_What is expected_.
Extract the records below word for word and ignore the images.

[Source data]
________________________________________

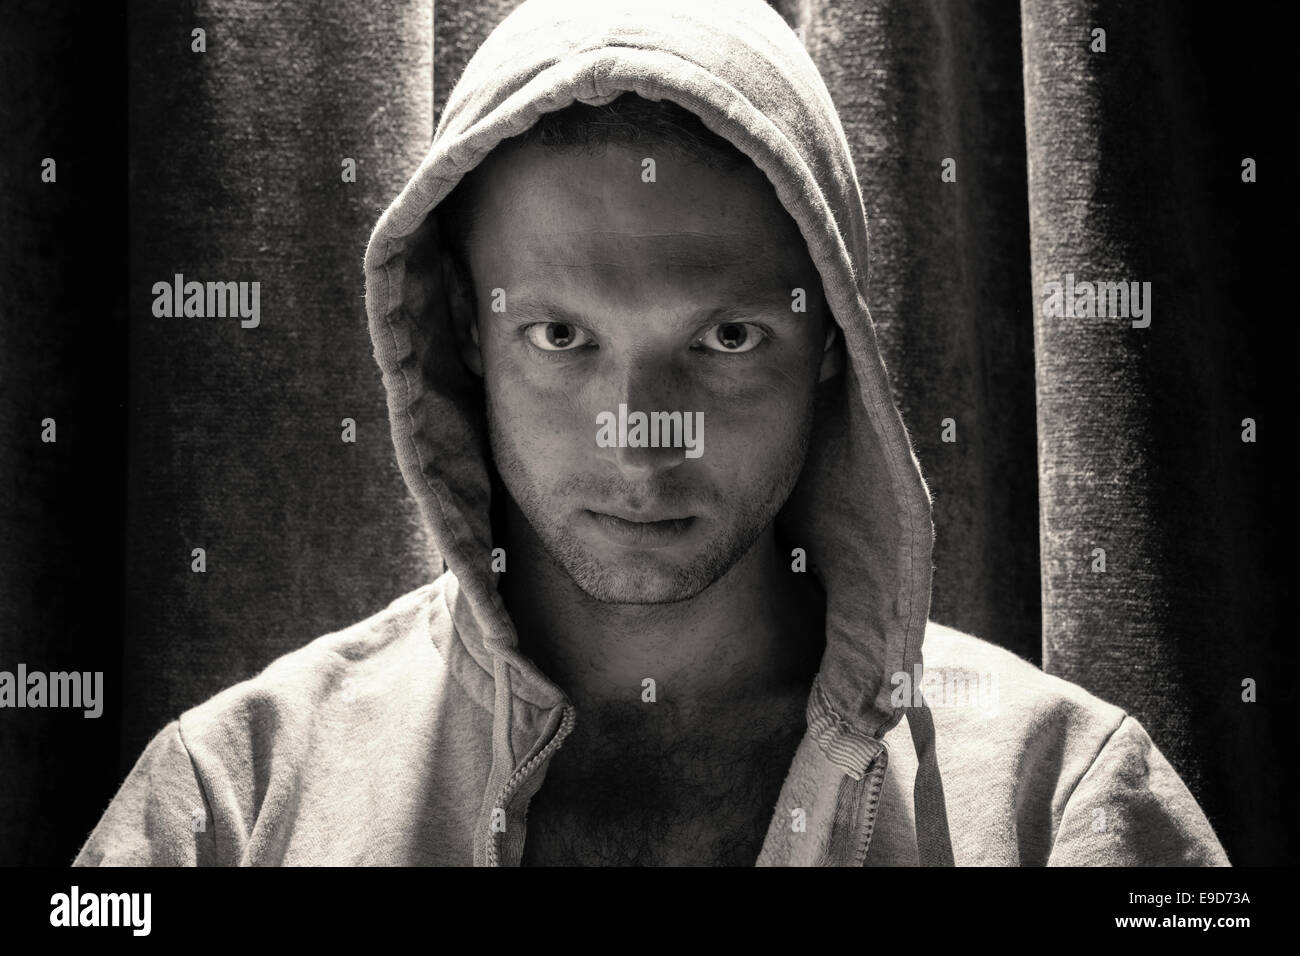 Black and white portrait of young Caucasian man in hood Stock Photo
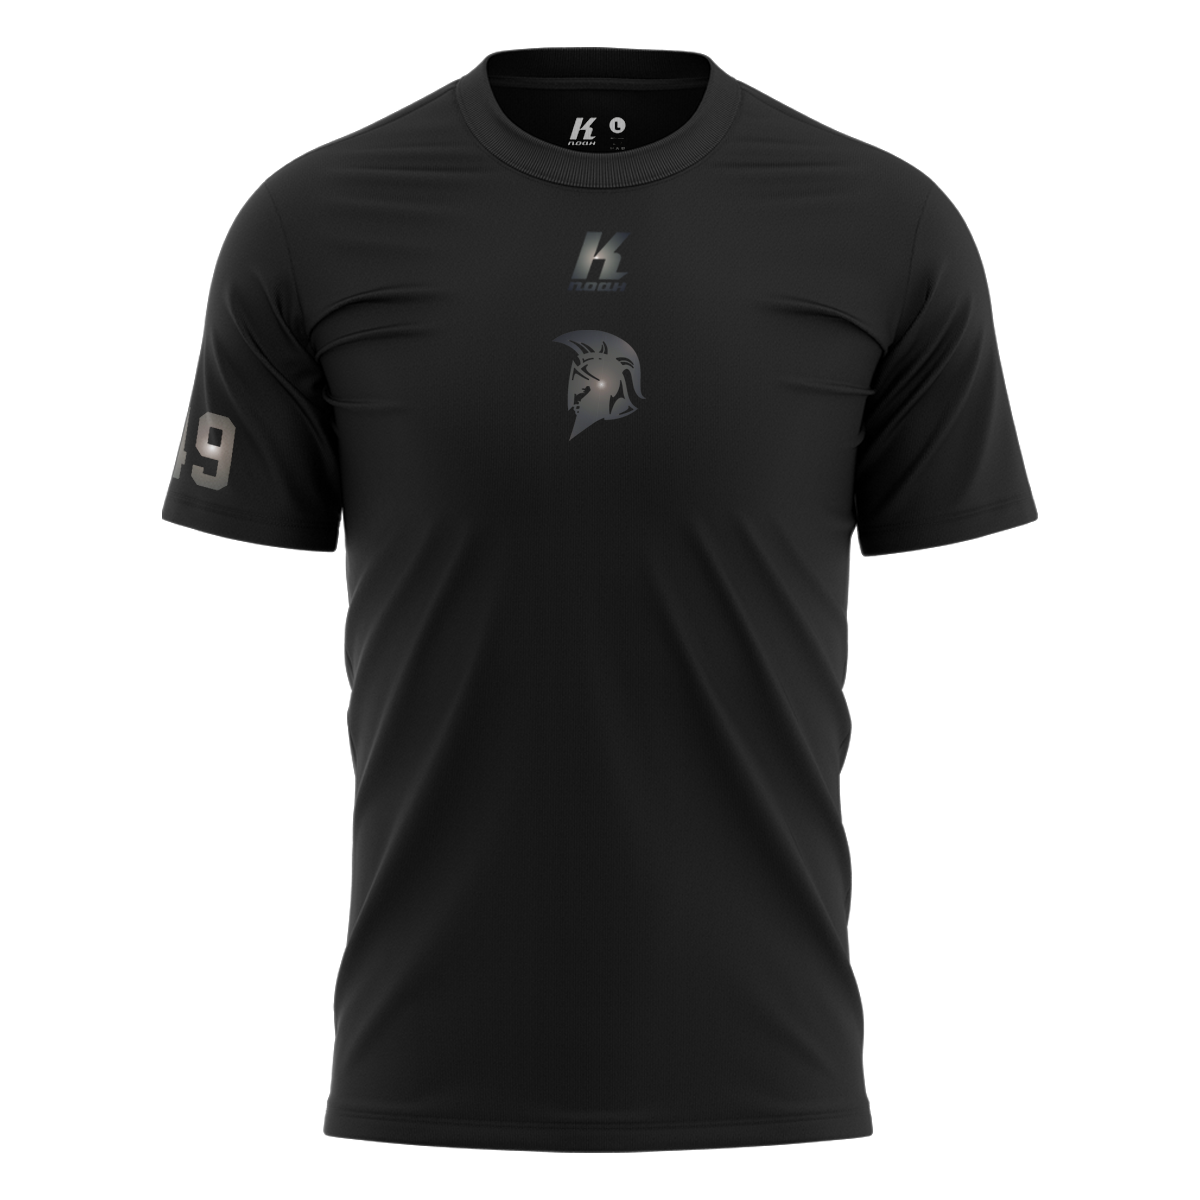 Spartans "Blackline" K.Tech Sports Tee S8000 with Playernumber/Initials
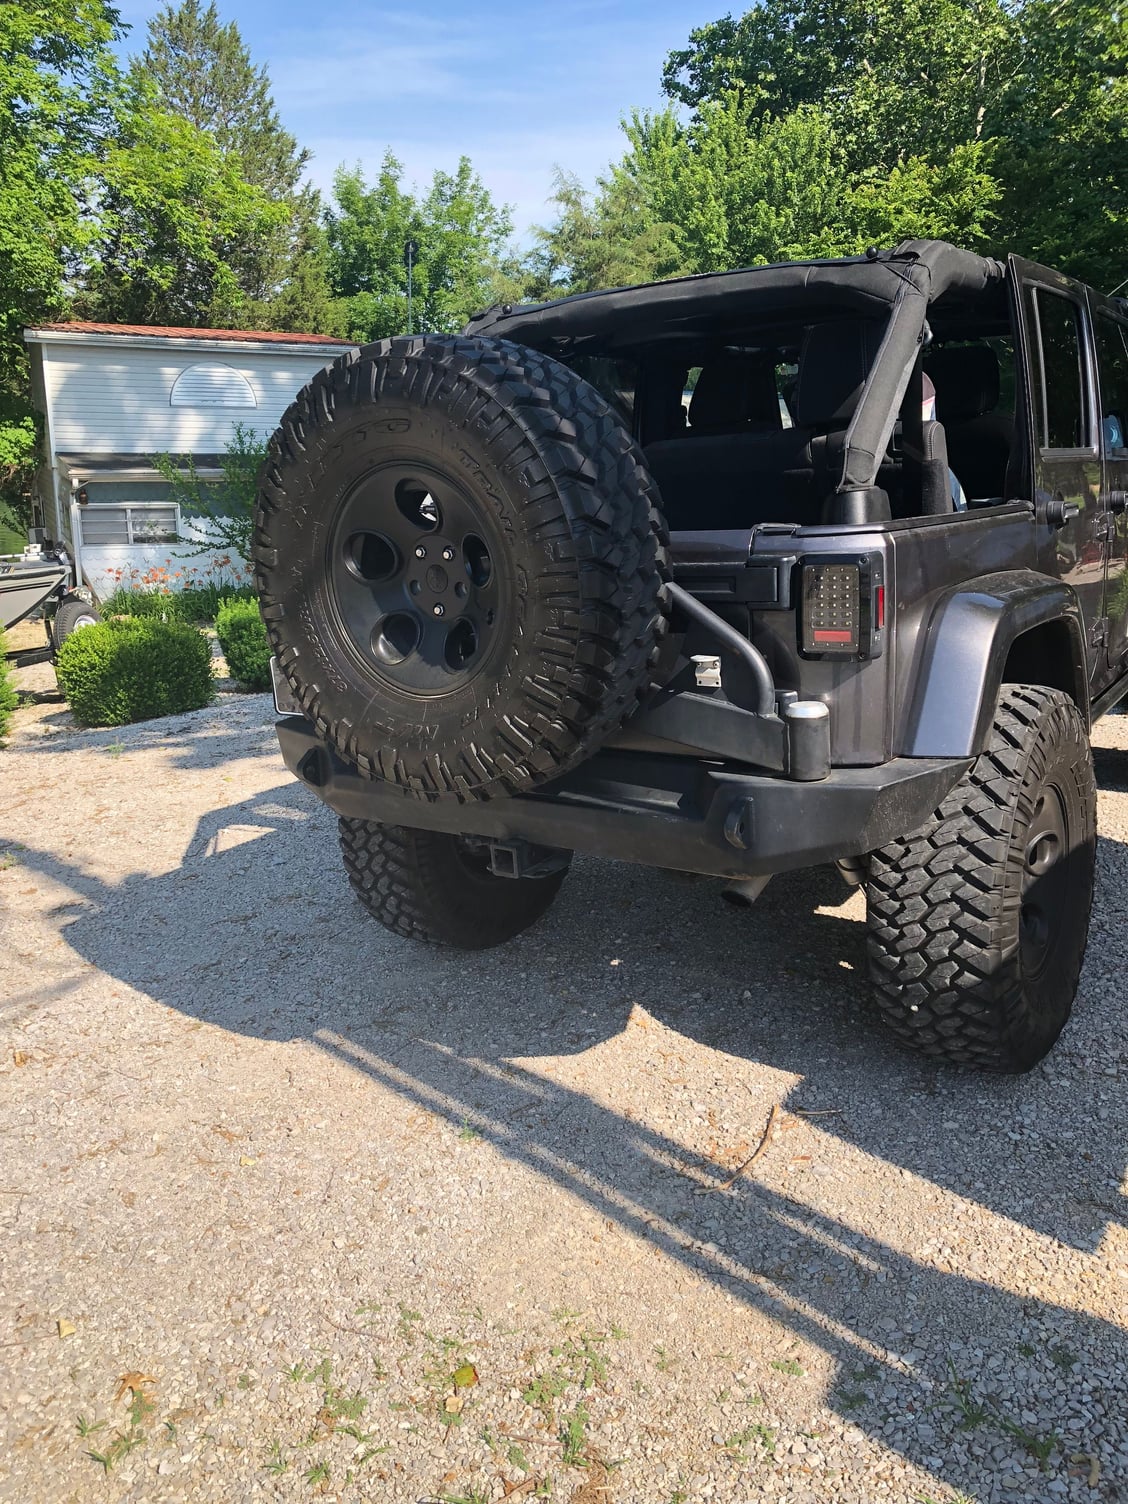 Exterior Body Parts - Expedition One Rear Bumper with Tire Carrier--$1000 OBO in KY - Used - 2007 to 2018 Jeep Wrangler - Louisville, KY 40245, United States
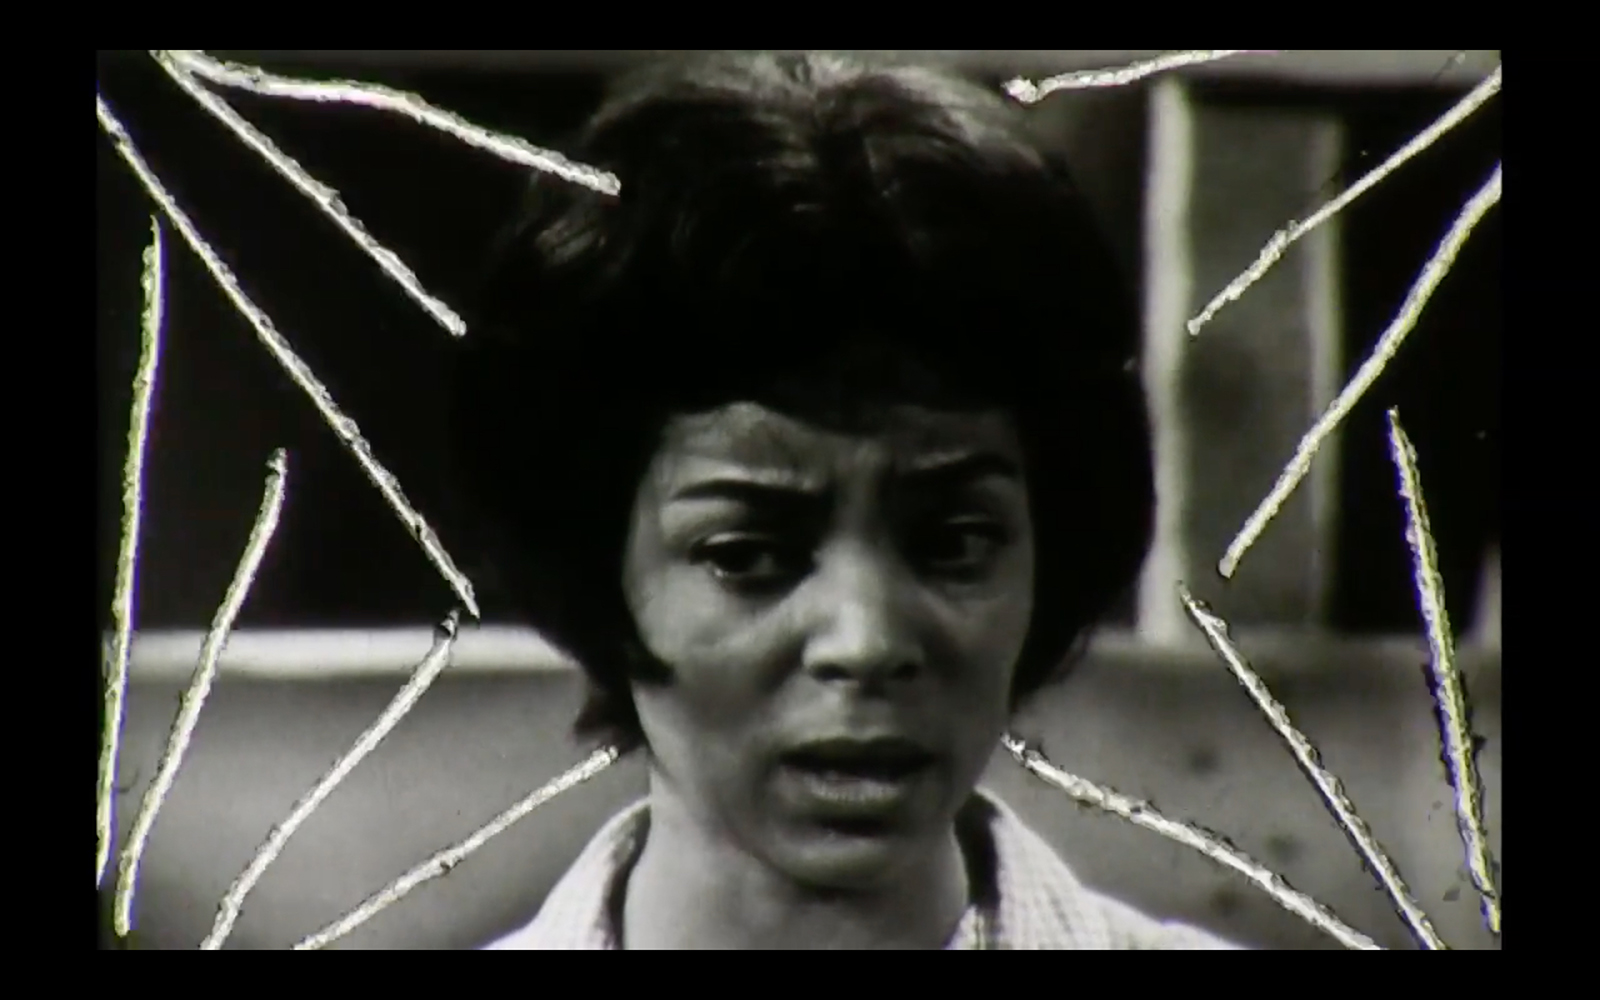 Film still with lines drawn from corners to central figure of a Black woman with a worried facial expression
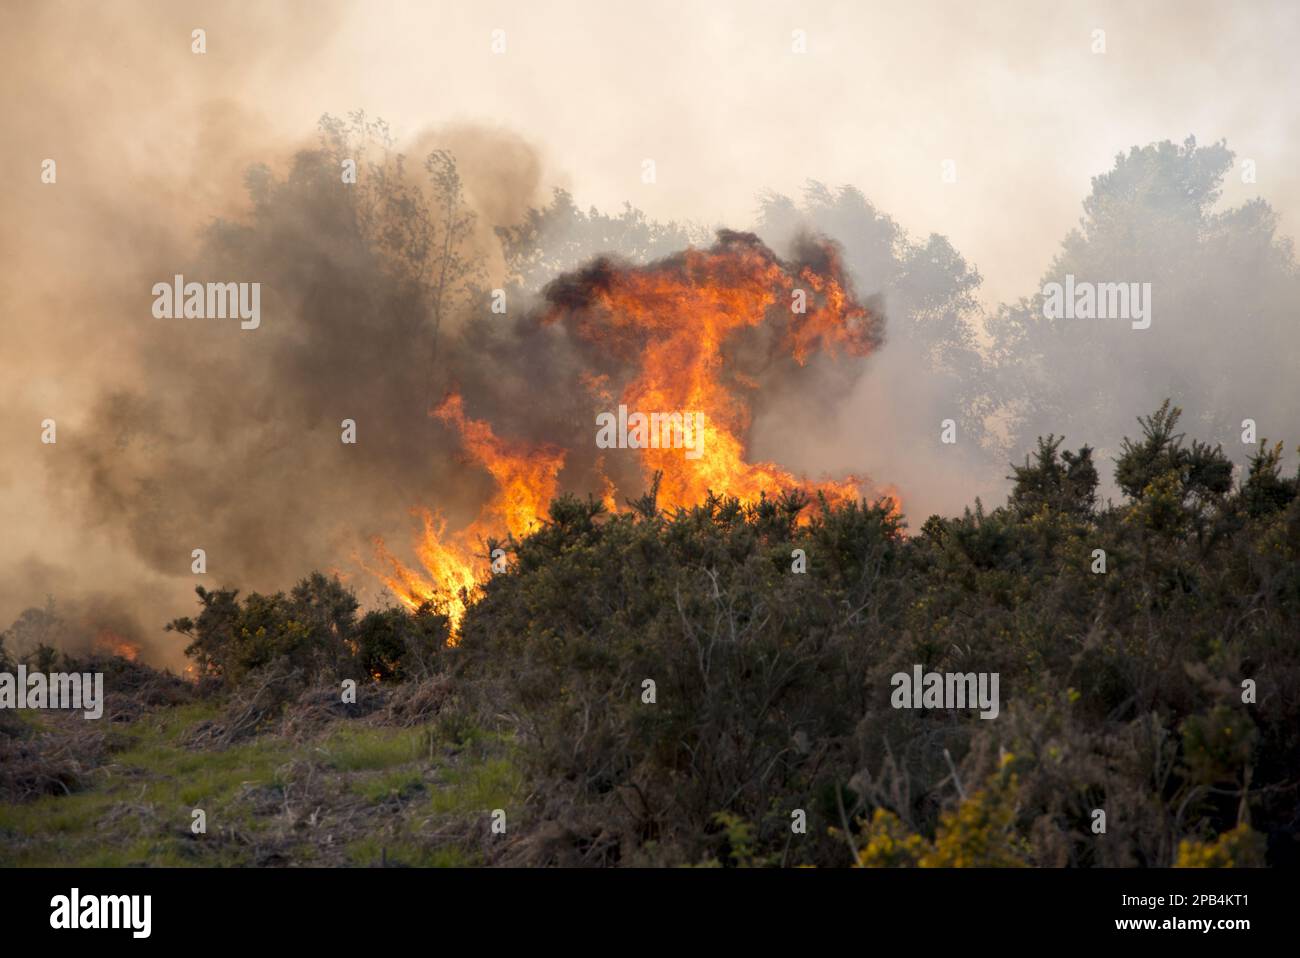 Fire on heathland, caused either by carelessness or arson, Ashdown Forest, East Sussex, England, United Kingdom, Europe Stock Photo

________________________________________

_Answer box_.
 Black and white portrait of young Caucasian man in hood Stock Photo
 Spartans "Blackline" K.Tech Sports Tee S8000 with Playernumber/Initials
 Exterior Body Parts - Expedition One Rear Bumper with Tire Carrier--$1000 OBO in KY - Used - 2007 to 2018 Jeep Wrangler - Louisville, KY 40245, United States
 Film still with lines drawn from corners to central figure of a Black woman with a worried facial expression
 Fire on heathland, caused either by carelessness or arson, Ashdown Forest, East Sussex, England, United Kingdom, Europe Stock Photo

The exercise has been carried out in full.